Problem 240
Question
If we roll a die eight times, we get a sequence of 8 numbers, the number of dots on top on the first roll, the number on the second roll, and so on. (a) What is the number of ways of rolling the die eight times so that each of the numbers one through six appears at least once in our sequence? To get a numerical answer, you will likely need a computer algebra package. (b) What is the probability that we get a sequence in which all six numbers between one and six appear? To get a numerical answer, you will likely need a computer algebra package, programmable calculator, or spreadsheet. (c) How many times do we have to roll the die to have probability at least one half that all six numbers appear in our sequence. To answer this question, you will likely need a computer algebra package, programmable calculator, or spreadsheet.
Step-by-Step Solution
Verified Answer
(a) 121224 (b) 0.0722 (c) 19 rolls
1Step 1 Title - Calculate Total Possible Outcomes
The total number of possible outcomes when rolling a die 8 times is given by the total number of sequences.
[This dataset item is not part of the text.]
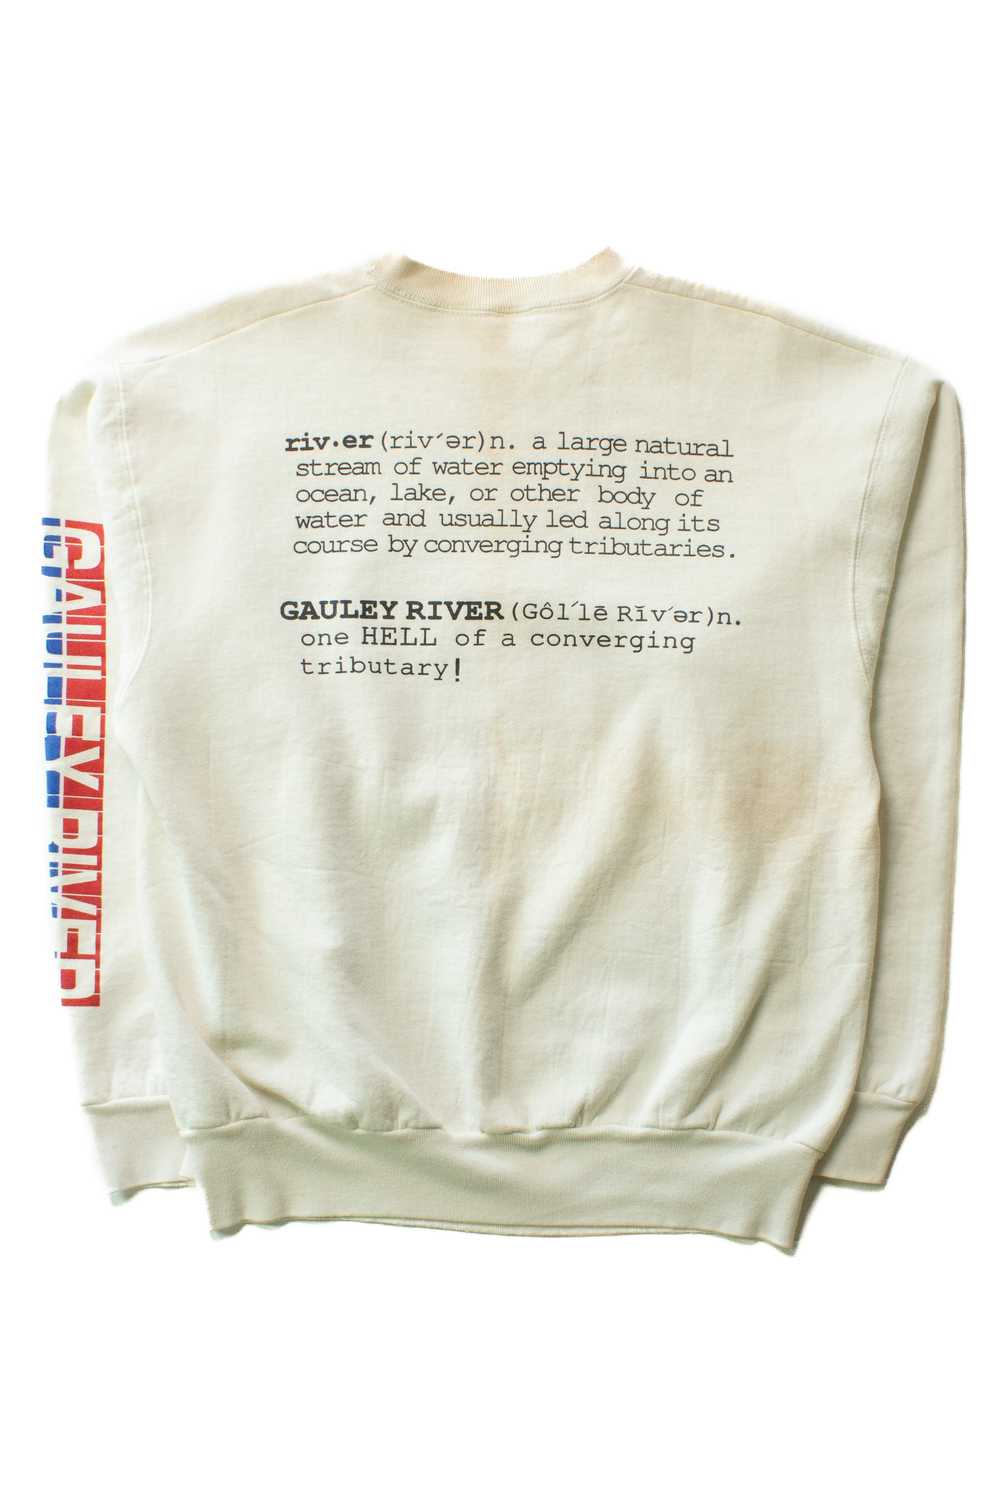 Vintage Gauley River Whitewater Sweatshirt (1990s) - image 2
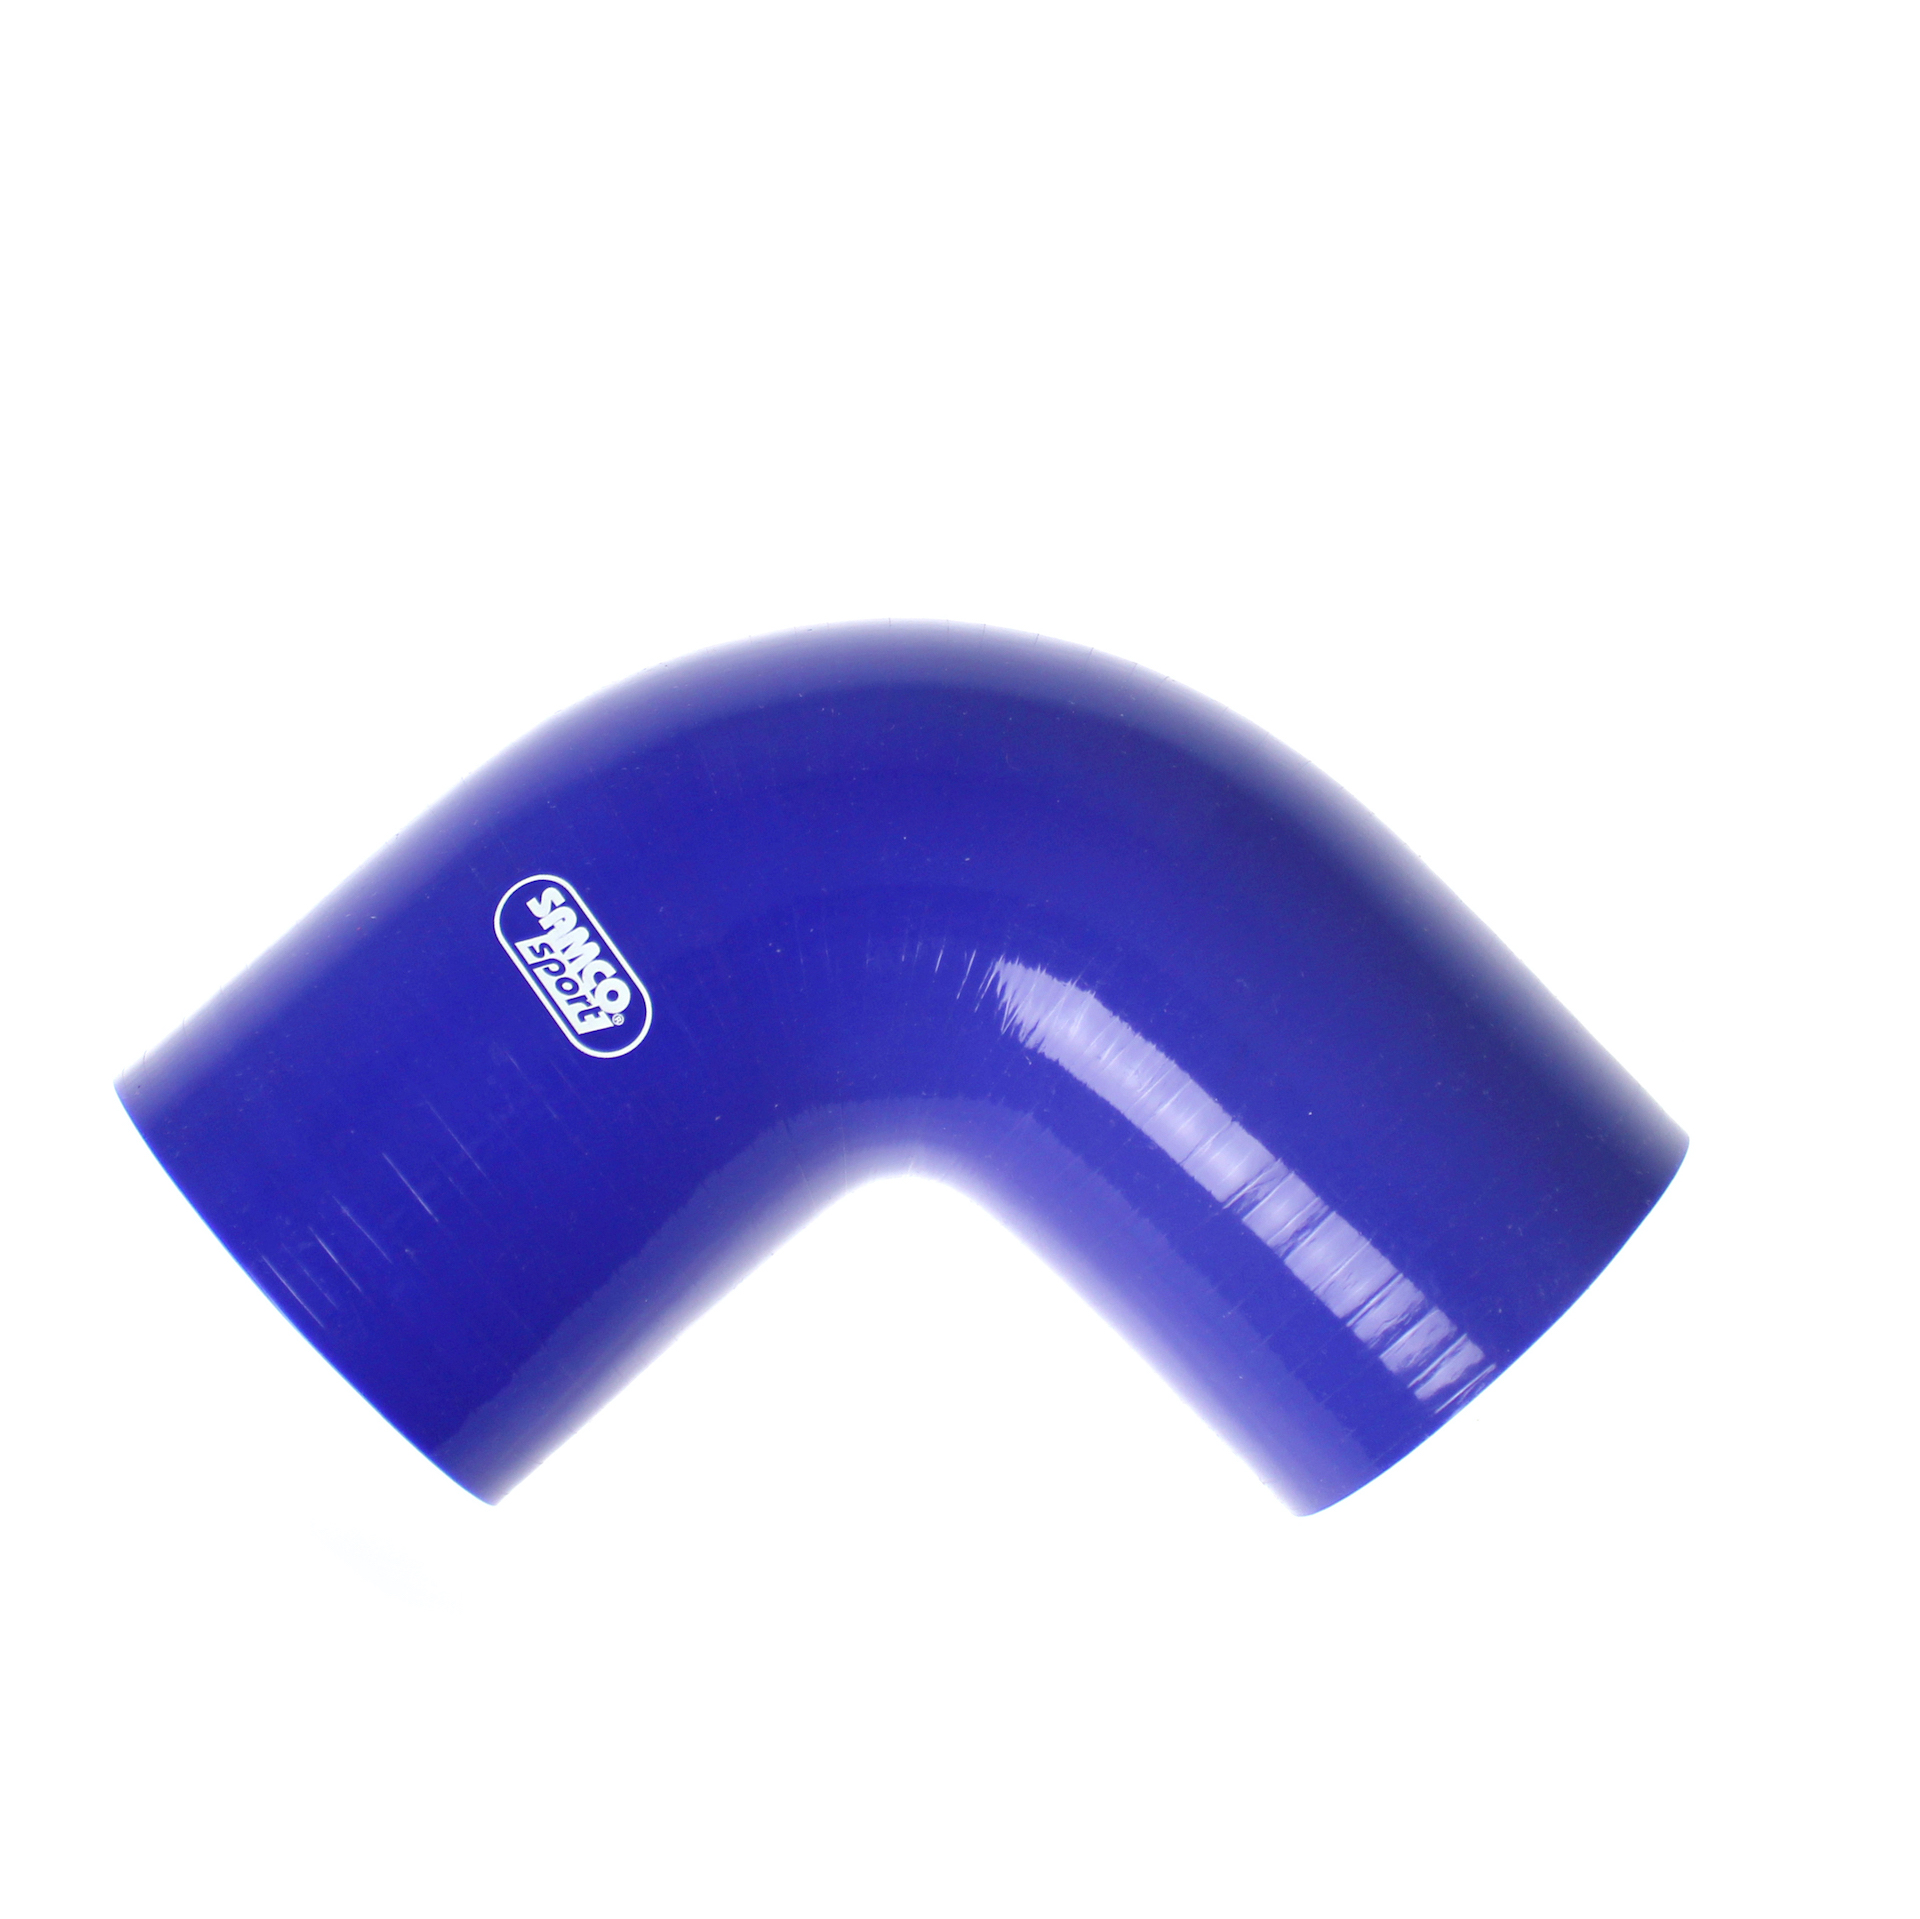 Ø 102mm Siliconhose 90° Elbow / Connector (Blue) Hose, Arlows

Since each roll can result in any of the 6 faces, the total number of sequences is \[ 6^8. \]
2Step 2 Title - Calculate the Number of Permutations of Multisets
We use the principle of inclusion-exclusion to find the number of ways to roll the die so that each number appears at least once. The formula to calculate permutations of multisets that include each element at least once is \[ N = \binom{8}{1} \times 5^8 - \binom{8}{2} \times 4^8 + \binom{8}{3} \times 3^8 - \binom{8}{4} \times 2^8 + \binom{8}{5} \times 1^8. \] Calculating each term and summing them gives the desired number of valid sequences.
3Step 3 Title - Plugging the Numbers into the Inclusion-Exclusion Formula
Let's evaluate each term of the inclusion-exclusion formula: \[ 8 \times 5^8 = 327680, \] \[ \binom{8}{2} \times 4^8 = 28 \times 65536 = 1835008, \] \[ \binom{8}{3} \times 3^8 = 56 \times 6561 = 367416, \] \[ \binom{8}{4} \times 2^8 = 70 \times 256 = 17920, \] and \[ \binom{8}{5} \times 1^8 = 56. \]
4Step 4 Title - Compute Final Value for (a)
Using the values obtained in Step 3, we calculate: \[ N = 327680 - 1835008 + 367416 - 17920 + 56 = 121224. \] Thus, the number of ways to roll the die such that each number from 1 to 6 appears at least once in 8 rolls is 121224.
5Step 5 Title - Calculate the Total Number of Sequences Where All Numbers Appear
Next, calculate the probability of getting a sequence with all six numbers in it: \[ P = \frac{121224}{6^8} \] The total number of sequences is \[6^8 = 1679616. \]
6Step 6 Title - Compute Probability for Part (b)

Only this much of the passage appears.